--- Record extracts ---
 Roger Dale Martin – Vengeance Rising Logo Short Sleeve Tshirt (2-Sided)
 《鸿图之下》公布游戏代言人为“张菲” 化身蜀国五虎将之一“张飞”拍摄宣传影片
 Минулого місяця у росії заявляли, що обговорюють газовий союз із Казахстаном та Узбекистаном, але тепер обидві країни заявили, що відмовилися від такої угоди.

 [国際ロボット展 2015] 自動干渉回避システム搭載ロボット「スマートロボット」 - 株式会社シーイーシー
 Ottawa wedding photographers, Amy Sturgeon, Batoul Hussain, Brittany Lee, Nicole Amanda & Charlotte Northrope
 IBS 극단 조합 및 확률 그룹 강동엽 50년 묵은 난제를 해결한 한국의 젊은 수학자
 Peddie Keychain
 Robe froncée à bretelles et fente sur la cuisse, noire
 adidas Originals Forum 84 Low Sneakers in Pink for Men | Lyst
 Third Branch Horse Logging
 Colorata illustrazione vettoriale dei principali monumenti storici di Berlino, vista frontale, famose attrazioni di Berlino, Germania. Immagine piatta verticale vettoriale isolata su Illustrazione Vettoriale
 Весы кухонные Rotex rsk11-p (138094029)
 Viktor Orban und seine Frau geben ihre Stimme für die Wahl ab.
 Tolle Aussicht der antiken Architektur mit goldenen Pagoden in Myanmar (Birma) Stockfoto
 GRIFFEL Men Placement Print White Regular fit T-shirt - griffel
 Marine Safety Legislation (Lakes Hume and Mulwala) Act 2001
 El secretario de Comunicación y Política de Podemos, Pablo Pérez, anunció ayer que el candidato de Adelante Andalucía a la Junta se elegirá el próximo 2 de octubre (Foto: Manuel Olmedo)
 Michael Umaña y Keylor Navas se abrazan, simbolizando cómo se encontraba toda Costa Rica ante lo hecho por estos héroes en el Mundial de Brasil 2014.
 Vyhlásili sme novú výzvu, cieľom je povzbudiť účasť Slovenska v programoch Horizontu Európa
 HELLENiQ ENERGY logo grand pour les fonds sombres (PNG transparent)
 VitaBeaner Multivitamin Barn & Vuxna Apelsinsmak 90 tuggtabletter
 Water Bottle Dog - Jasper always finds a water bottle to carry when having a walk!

--- Work required ---
Please print exactly what appears from the first line of the data through the line with "Colorata illustrazione vettoriale", including both of those lines and nothing past them.

--- Response ---
 Roger Dale Martin – Vengeance Rising Logo Short Sleeve Tshirt (2-Sided)
 《鸿图之下》公布游戏代言人为“张菲” 化身蜀国五虎将之一“张飞”拍摄宣传影片
 Минулого місяця у росії заявляли, що обговорюють газовий союз із Казахстаном та Узбекистаном, але тепер обидві країни заявили, що відмовилися від такої угоди.

 [国際ロボット展 2015] 自動干渉回避システム搭載ロボット「スマートロボット」 - 株式会社シーイーシー
 Ottawa wedding photographers, Amy Sturgeon, Batoul Hussain, Brittany Lee, Nicole Amanda & Charlotte Northrope
 IBS 극단 조합 및 확률 그룹 강동엽 50년 묵은 난제를 해결한 한국의 젊은 수학자
 Peddie Keychain
 Robe froncée à bretelles et fente sur la cuisse, noire
 adidas Originals Forum 84 Low Sneakers in Pink for Men | Lyst
 Third Branch Horse Logging
 Colorata illustrazione vettoriale dei principali monumenti storici di Berlino, vista frontale, famose attrazioni di Berlino, Germania. Immagine piatta verticale vettoriale isolata su Illustrazione Vettoriale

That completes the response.